New Moon
Closing
-> Jul 27 2024
Morán Morán presents the closing event of David Benjamin Sherry's New Moon exhibition.
David Benjamin Sherry’s artistic journey, spanning two decades of traversing the American West, living in his car, and exploring geological extremes like Death Valley and Glacier National Park — all to capture the immense meeting of elements that have opened eyes to the continent’s immaculate disappearing natural environments, has culminated in his latest works. Since relocating to Santa Fe, New Mexico, in 2021, he has honed his technical skills and channeled his profound understanding of color and form into creating captivating oil paintings on canvas.
These paintings, like his acclaimed photography, offer a unique perspective on landscapes, using vividly colored monochromes to depict natural environments devoid of human presence. This exhibition is a testament to his ongoing exploration of non-lens-based graphic abstractions, manifested in his collection of photograms (2012-2017), published in Pink Genesis.
This shift in Sherry’s material approach also presents a critical recalibration of perspective. Rather than depicting what is directly in front of him, as in his expansive color photographs, Sherry’s latest work presents the natural world as something not only to bear witness to but to be felt: a revelatory event happening to their creator. Pairing these otherworldly, painted mystical abstractions alongside a series of monochromatic, large-scale 8×10 film photographs of billowing cumulus clouds, each bathed in his signature saturated tones, Sherry unites that which is atmospheric, ethereal, and symbolic, ultimately developing a visual language that departs from realism while maintaining a sense of the sublime.

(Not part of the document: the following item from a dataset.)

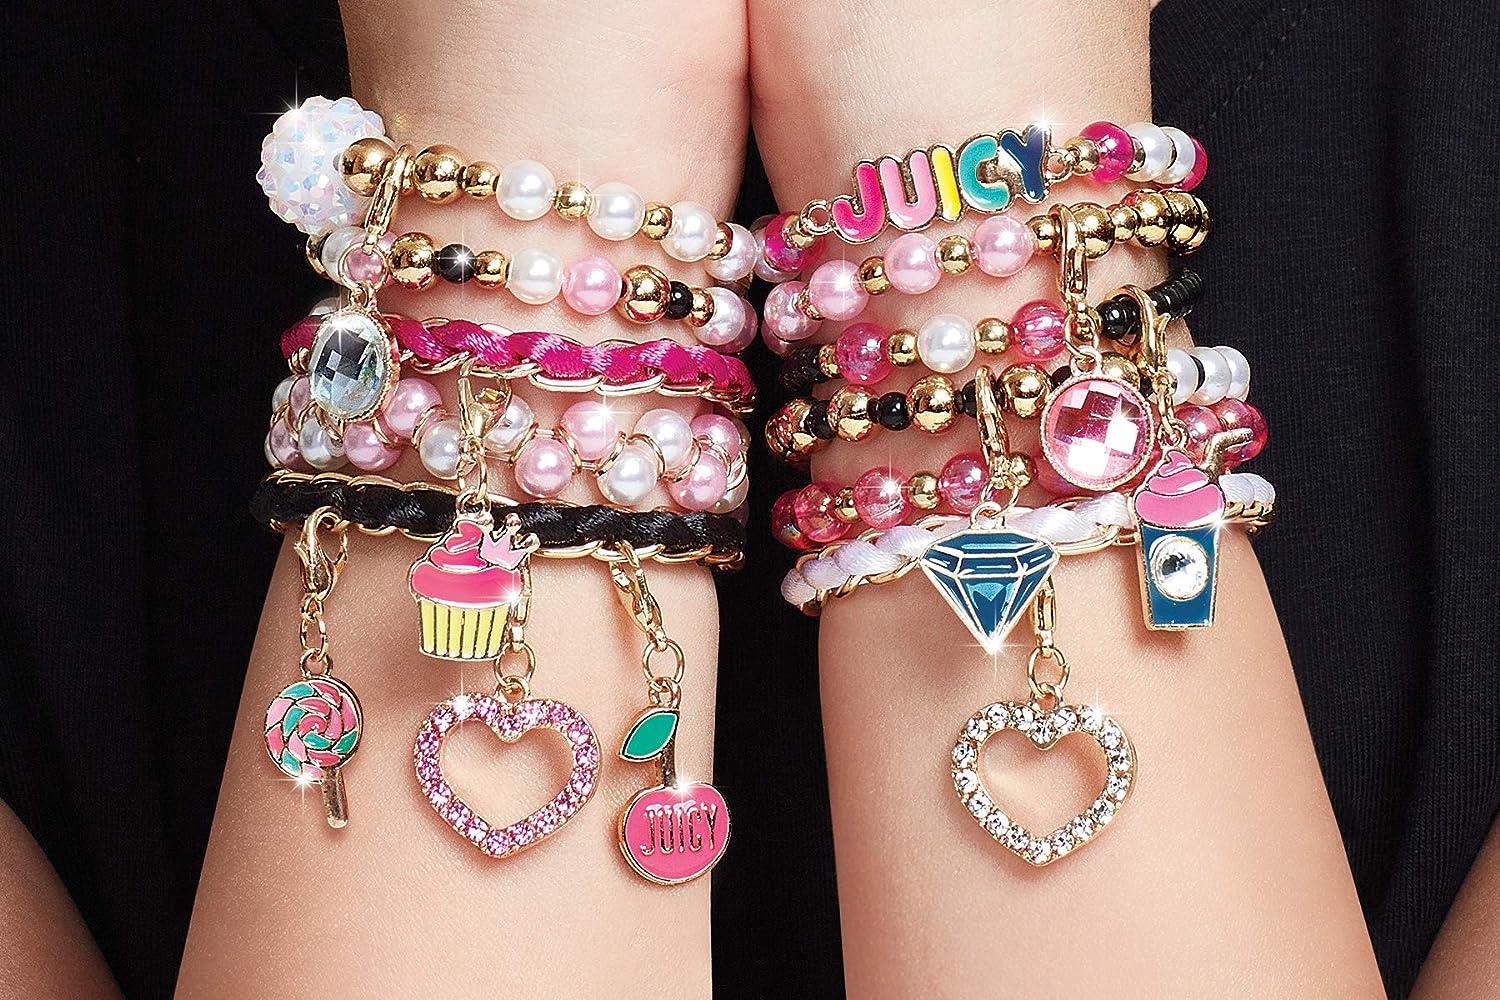 Make it Real - Juicy Couture Pink and Precious Bracelets - DIY Charm  Bracelet Kit with Beads for Tween Jewelry Making - Jewelry Making Kit for  Girls
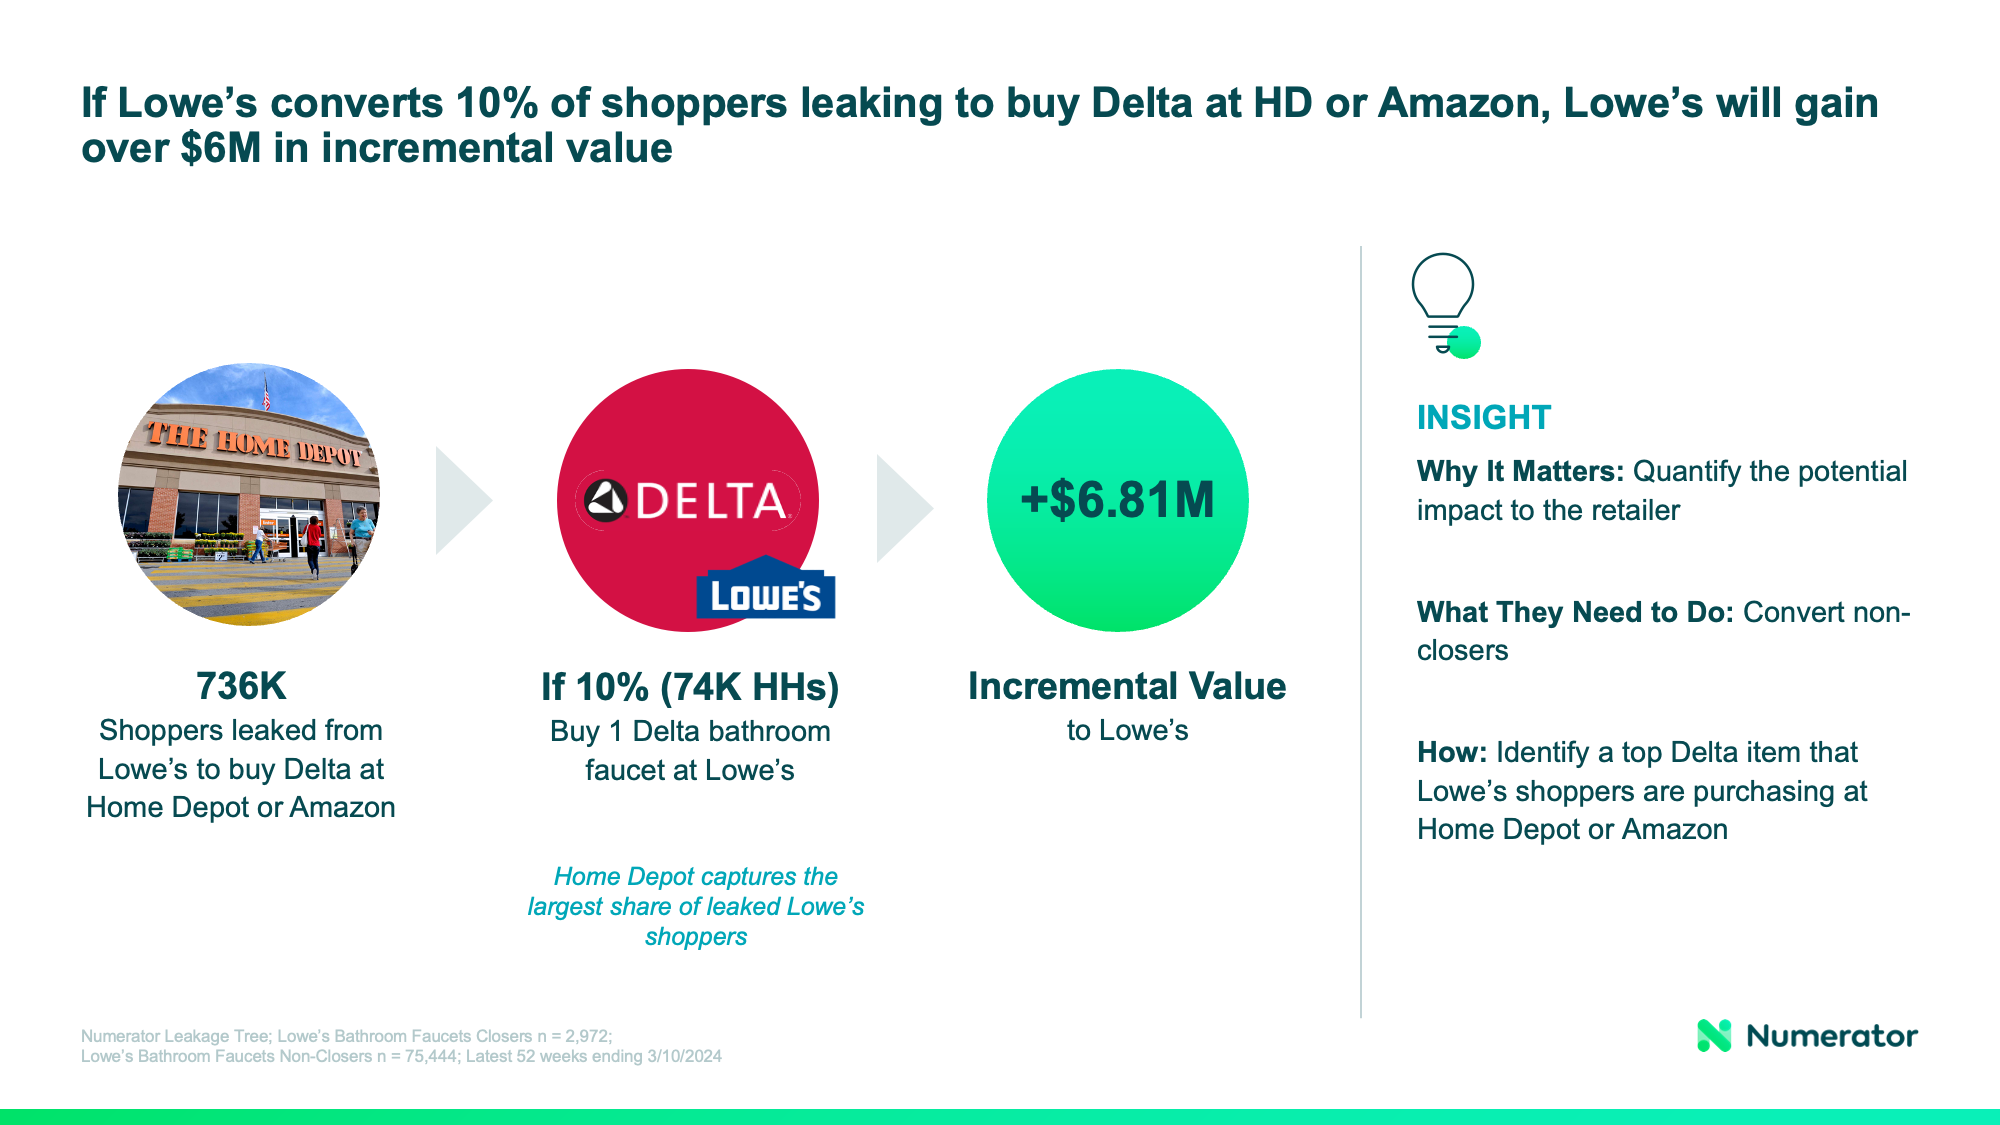 If Lowe's converts 10% of shoppers leaking to buy Delta at HD or Amazon, Lowe's will gain over $6M in incremental value

New Moon, the title of his exhibition, references an astrological event when the moon is between the Earth and the sun in its orbit, causing the moon’s dark side to appear invisible in the sky. This phase marks the beginning of the moon’s cycle, and in this way, Sherry’s work points to the renewal of the self, a rebirth of light after a period of darkness. It is simultaneously about that which is visible to the naked eye and a realm of possibilities that lie in what we cannot see, the frontier between the known and the unknown.
These new paintings, says Sherry, “are indebted to the color of the photographs and of my time spent looking into the sky and looking into myself, longing for a connection to the universe, looking for answers.” Like the paintings featured in his 2022 exhibition, poignantly titled Gloria, these abstract and minimal landscapes reflect the artist’s desire to communicate an internal sense of landscape, the topography of the mind—a delirium of intangible territory even more challenging to map than any National Park.